Just yankiing your chain. I know it's not a solution for the Cruze.


----------



## 28c_Beta (Sep 18, 2016)

Hi newcruze2016!
I'm not sure I've ever heard of a car with an SD slot, unless we're talking about modular stereo systems. With such a modern car, I'm not too optimistic about modifying the interior; adding additional ports would require an almost complete overhaul, I'd assume. Actually, I'm looking into installing a subwoofer in my Cruze, so I'll try to update when I get a look at my electronics.
Anyways, are you sure you can't store music on your iPhone? I know that the gigabytes do add up, I'm just wondering if your music has already been compressed and all that. I haven't tried using Android Auto with another device plugged into the USB port; I mainly use the USB port for my Auto device. 
Also, what trim is your Cruze? I know that the LT and the Premier come with more electronics, and probably more ports. 
Hope this helps.


----------



## Merc6 (Jun 8, 2013)

newcruze2016 said:


> Hey Cruze Community,
> 
> I purchased the new Gen2 Cruze in July. I love the car except for one thing. How is there only 1 USB port and no SD Card slots in a new car?
> 
> ...


What trim did you get? Some have a 2nd USB in the back seat for charging only. Only time I seen a SD was 1st gen with navigation.


----------



## Greggul8r (Apr 20, 2016)

newcruze2016 said:


> Hey Cruze Community,
> 
> I purchased the new Gen2 Cruze in July. I love the car except for one thing. How is there only 1 USB port and no SD Card slots in a new car?
> 
> ...


I have an adapter that takes care of this issue for me. the difference is I use android auto not apple car play.
the following link is not exact but similar to the adapter I have. I got it so i can hook up multiple phones and switch back and forth with out changing cords, as an Uber driver I have a lot of passengers that want to play their own music or charge their phone. It works great for me but I am only running one thing at a time not two like you want to do. other than this I am not sure if it is possible

High Speed 4 Port USB 3 0 Multi Hub Splitter Expansion Cable Laptop PC Adapter | eBay


----------



## DrumDoug (Feb 12, 2017)

I used a small 4-port USB hub, I have my 32GB USB drive in one port and the charging/data cable for my phone in another port. The radio lets me switch back and forth between the USB drive/radio/Android auto with no problems. It's a small round hub that looks kind of like one of this charging sticks for your phone. Tucks right into the area under the USB port and you can't even see it. Works quite well.


----------



## pontiacgt (Jan 12, 2011)

Yes there are cars with SD slots in them. The focus I saw at the car show last nigh had one and think one other but don't remember. However I bought this from gen2 cruze and it works great. I plug in a 64gb usb on one end and my phone to the other and they both work great. I can't imagine the apple wouldn't work as well as my android does with this adapter.

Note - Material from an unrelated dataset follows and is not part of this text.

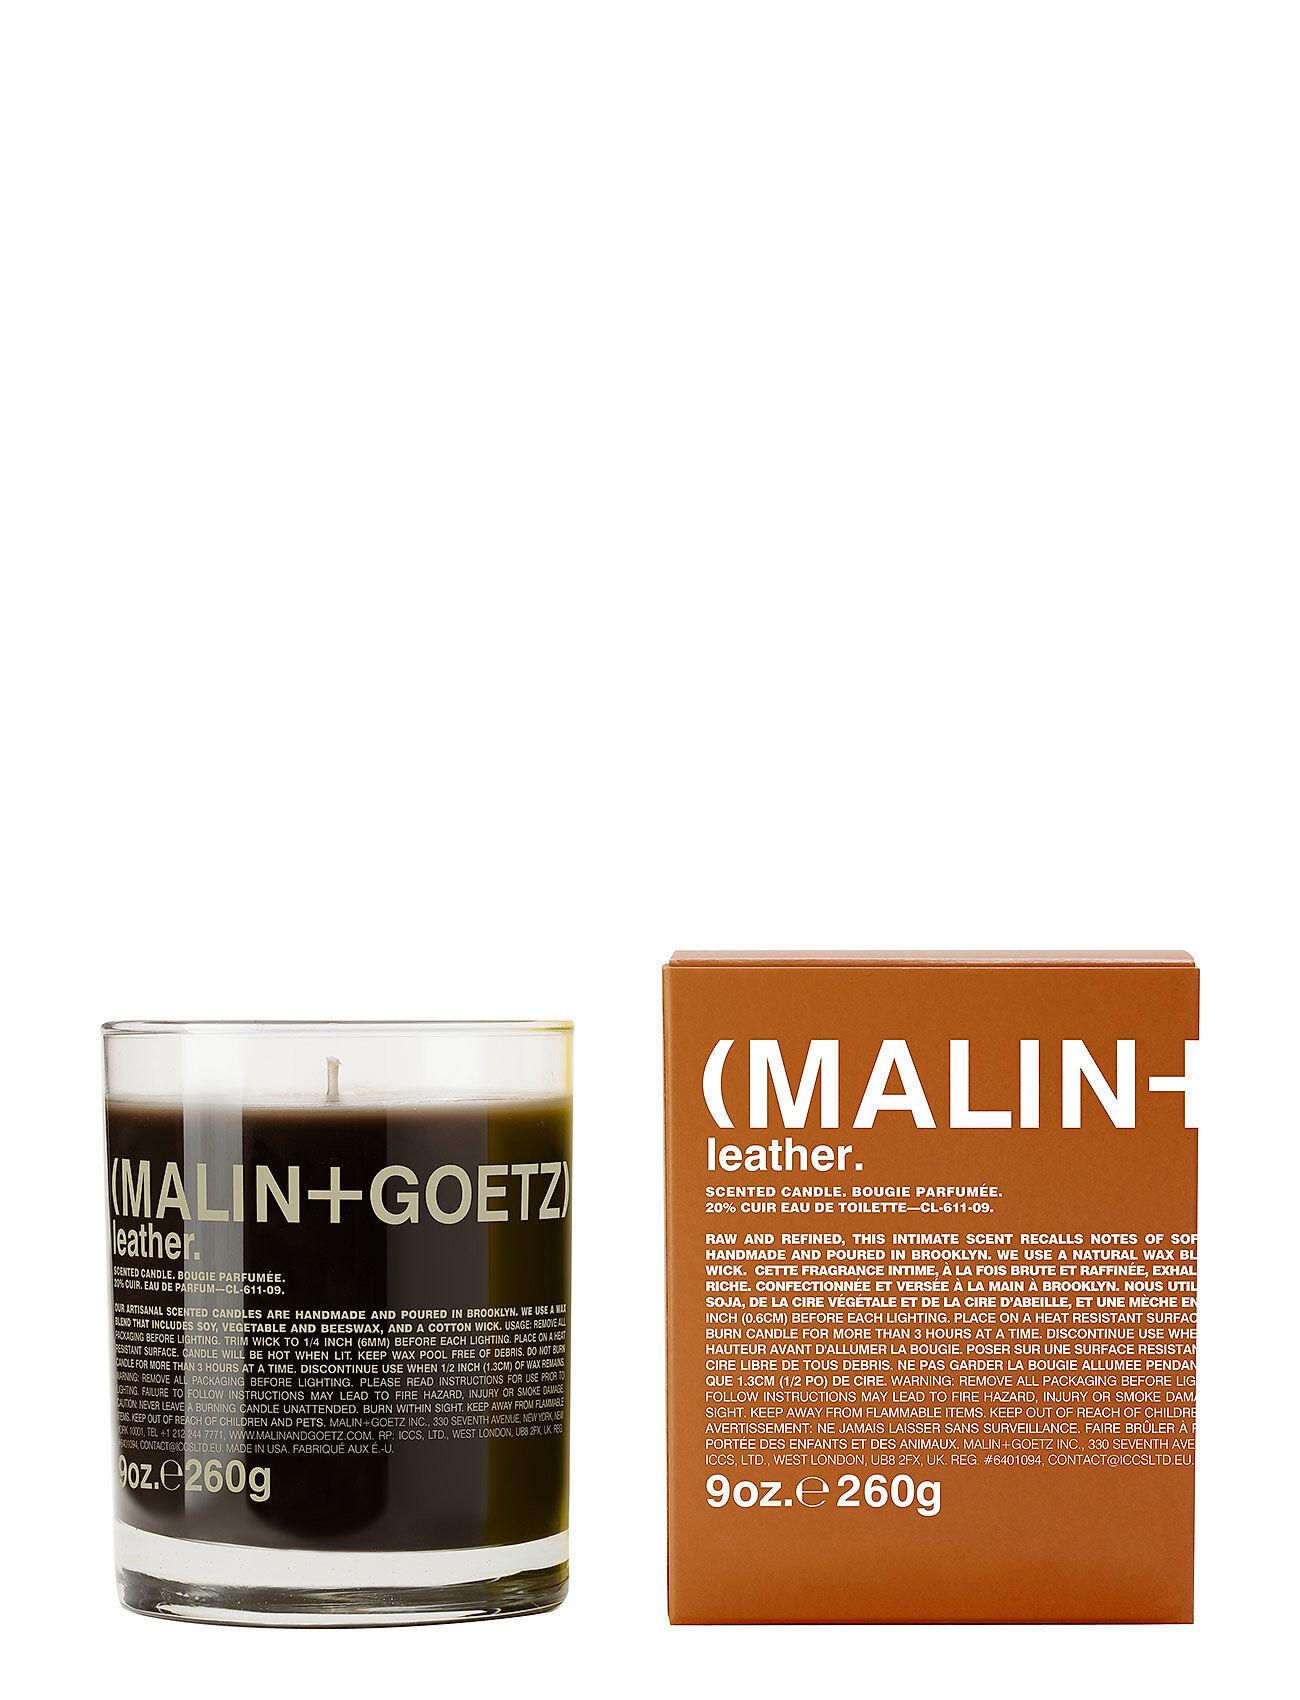 MALIN+GOETZ Leather Candle Hajuvesi Parfyymi Nude MALIN+GOETZ

https://www.amazon.com/Cute-USB-2-P...488035582&sr=8-3&keywords=2+port+mini+usb+hub


----------



## pontiacgt (Jan 12, 2011)

I wish they would have put a usb also in the center console like gen 1. This would be perfect since the spot for your phone is right near the console and you wouldn't have to put a cable across the shifter and cup holders.


----------



## Blasirl (Mar 31, 2015)

Forgive me if my ignorance shows...

Can't you use Bluetooth for one function and the USB for the other? At least for now as I know it will degrade the sound somewhat.

You can add USB ports at least for charging easily, but am not sure about being recognized by the car for data. You can also add an aftermarket head unit that has a slot and USB port .


----------



## Bluman (Oct 1, 2011)

My Corvette and wife's Mazda6 GT has a SD card slot, plenty of vehicles out there with one !


----------



## newcruze2016 (Sep 9, 2016)

newcruze2016 said:


> Hey Cruze Community,
> 
> I purchased the new Gen2 Cruze in July. I love the car except for one thing. How is there only 1 USB port and no SD Card slots in a new car?
> 
> ...


I was able to solve the single USB port problem by replacing the module. I ordered part 13509942 from my dealership and replaced the single port with the dual port. Works perfectly. I am now able to use Apple Car Play and play songs from a USB device at the same time. This worked on the Gen 2 Cruze with the 8" Chevy MyLink / Bose sound system. Below is the link where I got the idea from.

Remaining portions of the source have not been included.